Justice Margaret H. Marshall who has been widely criticized as a judicial activist since writing the court's 2003 decision allowing same-sex marriage. She expressed her opposition to free speech for non-liberals when she spoke before a crowd of 7,000 at Brandeis University's 54th commencement this week. Among those who evidently need to be denied freedom of dissent regarding judicial activism (which is a euphemism for judicial tyranny), in her learned opinion, are Governor Mitt Romney, who accused her and her comrades on the state Supreme Judicial Court of ''judicial overreaching" in the Wall Street Journal last year, and President George W. Bush, who has lashed out at ''activist judges" -- those who use their decisions to push a social agenda. Marshall dismisses such criticism as ''gratuitous attacks on judges undermine that trust." Marshall insisted that rhetoric about judges destroying the country and the suggestion that court decisions should conform to public opinion are threatening the judicial system.
Among other comments, she said:
''I worry when people of influence use vague, loaded terms like 'judicial activism' to skew public debate or to intimidate judges," Marshall said. ''I worry when judicial independence is seen as a problem to be solved and not a value to be cherished."
Marshall's exploitation of her invitation to Brandeis to bash critics of loose-cannon judges was probably part of her attempts to defend herself from groups like Article 8 Alliance, a Waltham group founded to remove Marshall and the other three justices who ruled for same-sex marriage from the bench. Its spokesman said, "''Activist judges' is a specific term that refers to judges who rule outside the rule of law. It has to do with whether they use objective, legal, constitutional means to base their decisions."
Marshall is native of South Africa who fought apartheid before coming to the United States. Now she no doubt endorses American apartheid, also known as affirmative action.


2 Comments:
Chief Justice Marshall's PR offensive is hurting her cause. The continued success of her "legislation" from the Massachusetts Supreme Judicial Court bench rests on the citizens' apathy. When she talks, average folks see The empress has no clothes.
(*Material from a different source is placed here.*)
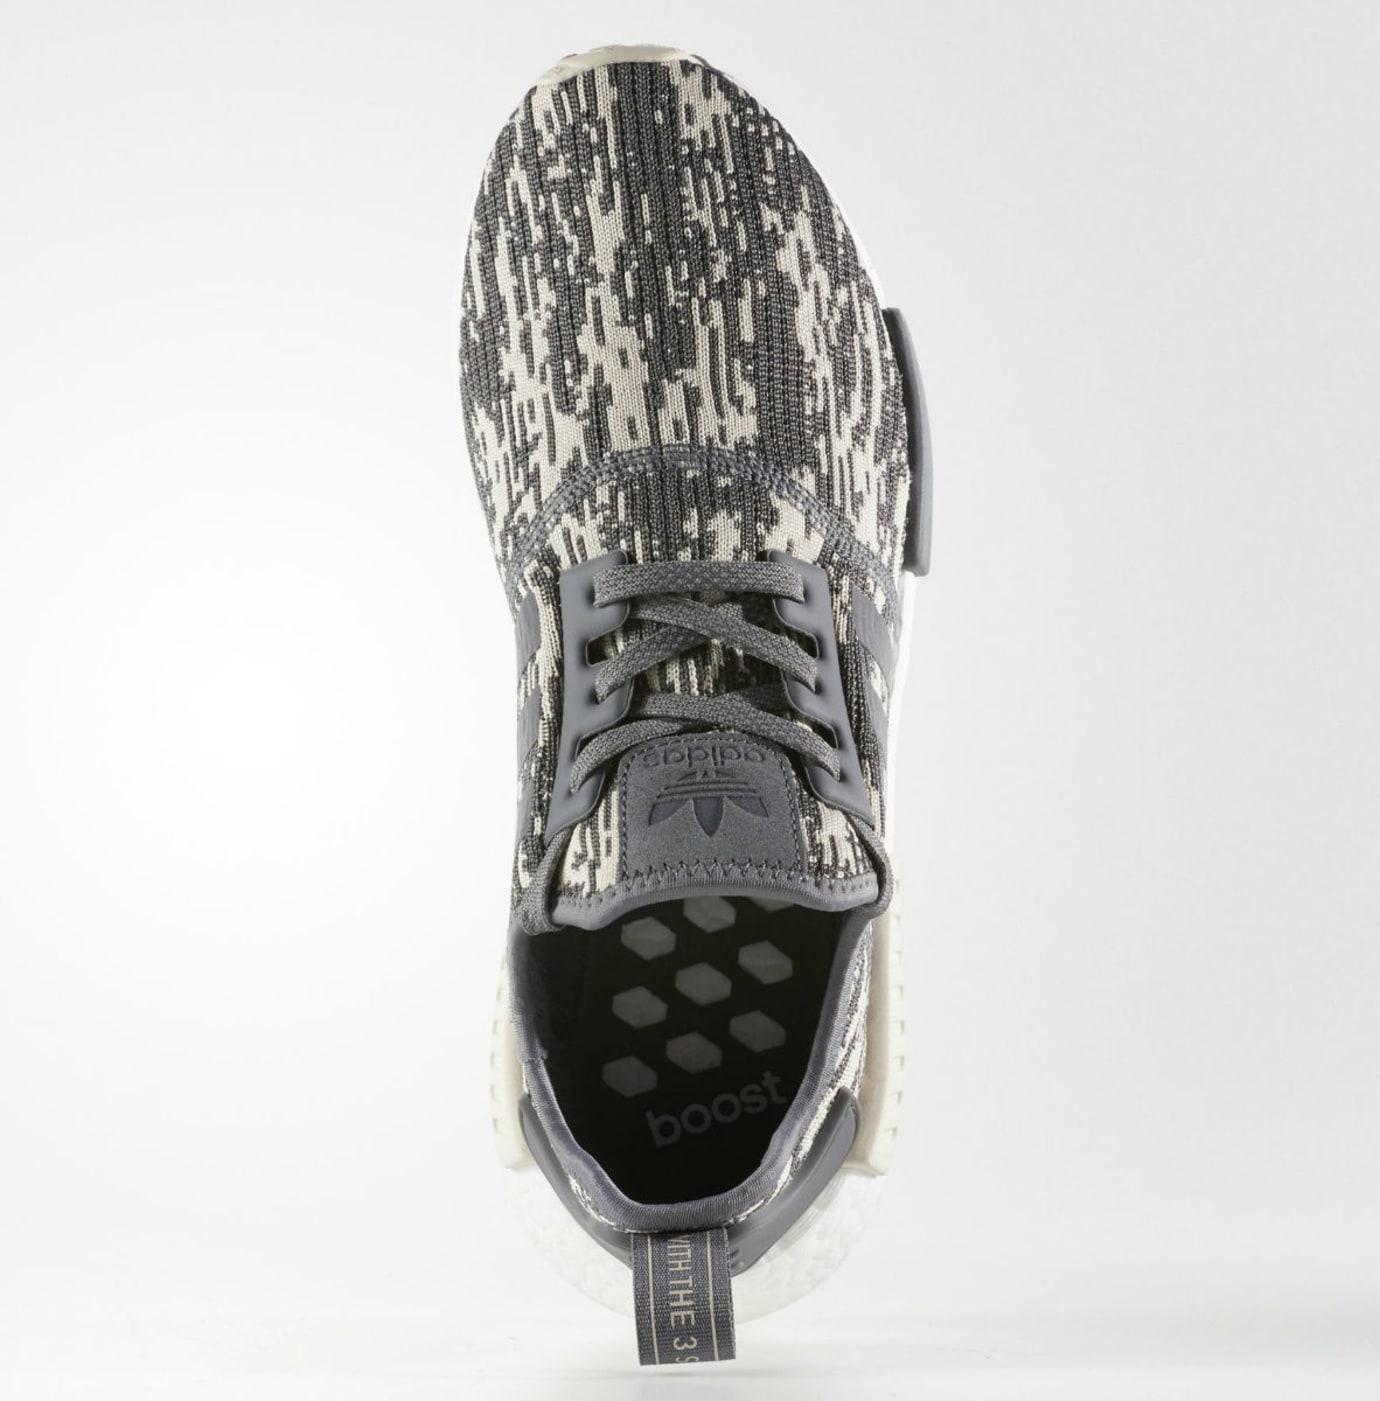 Adidas NMD Grey Linen Camo Release Date Top

They do not share a deep-founded belief that judicial independence is a license to ordain Political Correctness as natural law. They will more and more question the legitimacy of Goodridge.
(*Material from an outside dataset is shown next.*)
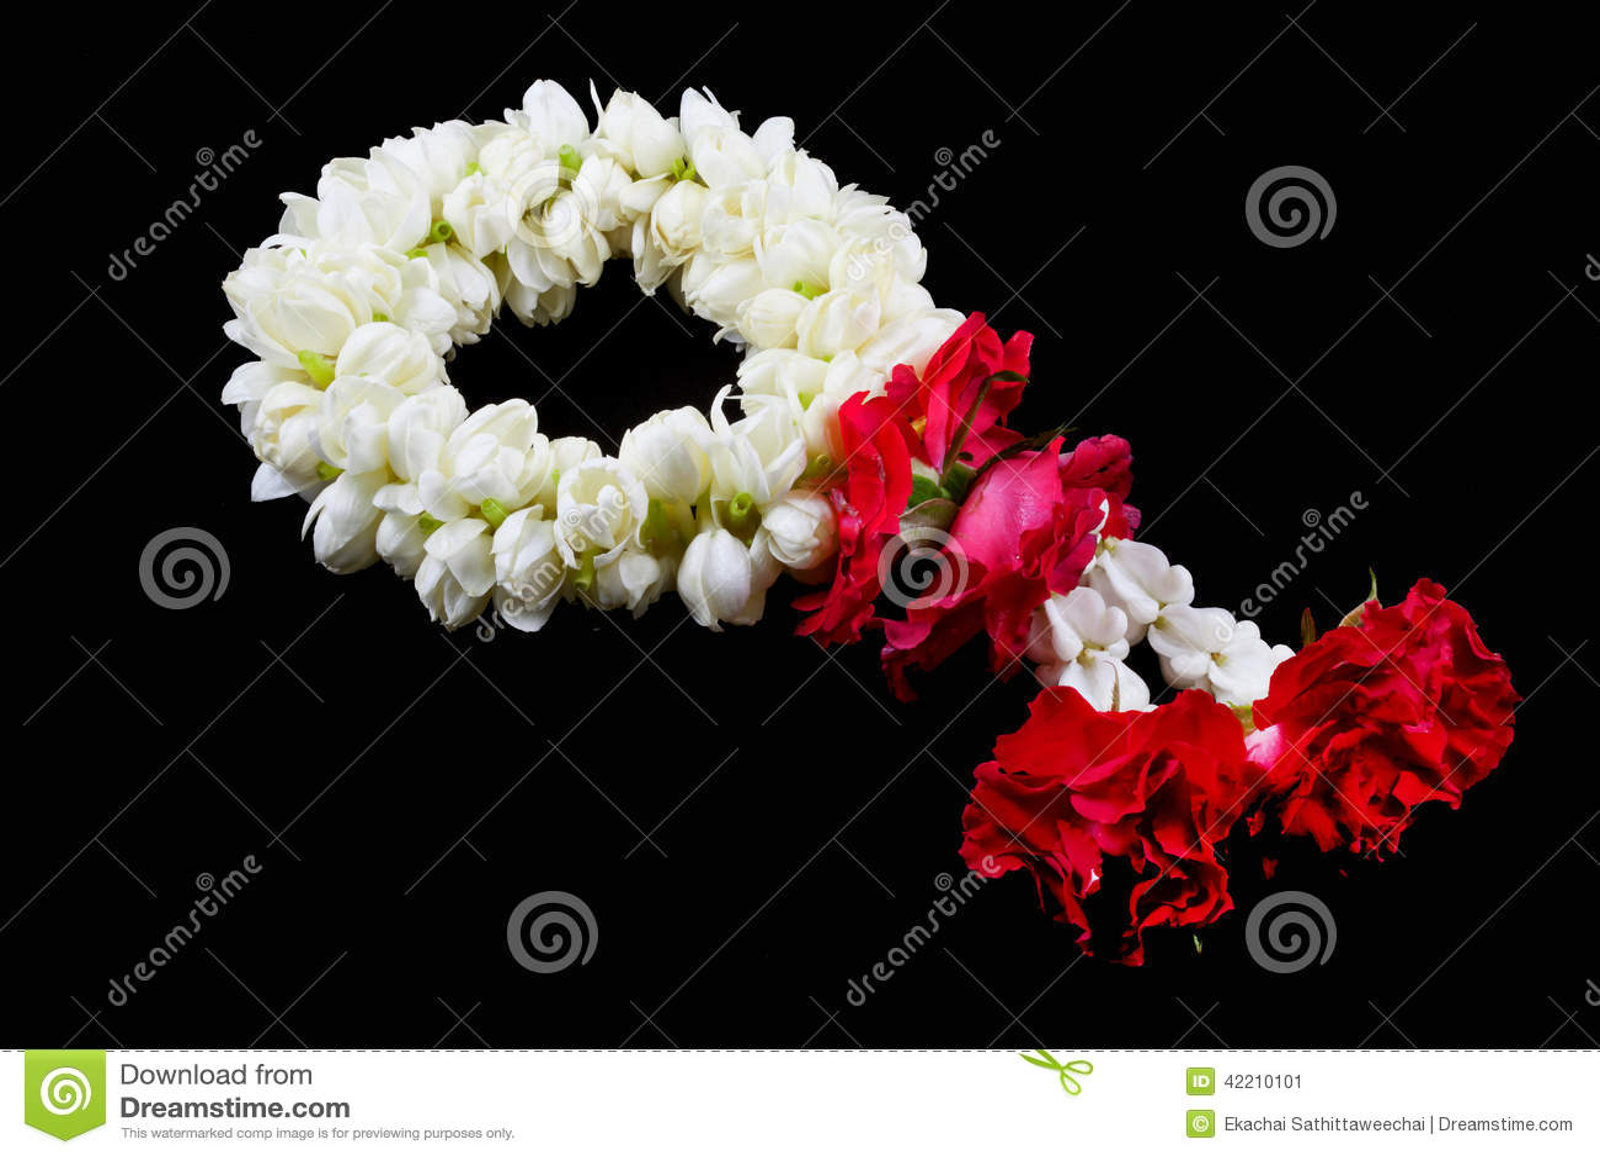 Pin India Jasmine Flower Garland Images To Pinterest

But Massachusetts legislators are not a courageous lot. There is only a sliver of hope that they will follow through with that most meager of compromises: changing the terminology of same-sex marriage to civil unions.
Controversy in the news and turmoil in the state government are to be welcomed by those of us opposed to Margaret Marshall's undemocratic cultural mayhem. It's a stalling game.
Some say the younger generation with their greater willingness to normalize homosexuality, which I do not begrudge, will be decisive. But I'm guessing and hoping that cooler heads will prevail. There is developing a firmer grasp on the value of norms, the value of culture, and the need to quell cultural radicalists.
On the other hand it's okay for leftists to slime conservative judges as "extremists." Justice Marshall doesn't see that as threatening and intimidating at all, at all. She probably stokes such activities and strokes their participants, in phone calls and emails behind the scenes. She probably thinks it's simply marvelous.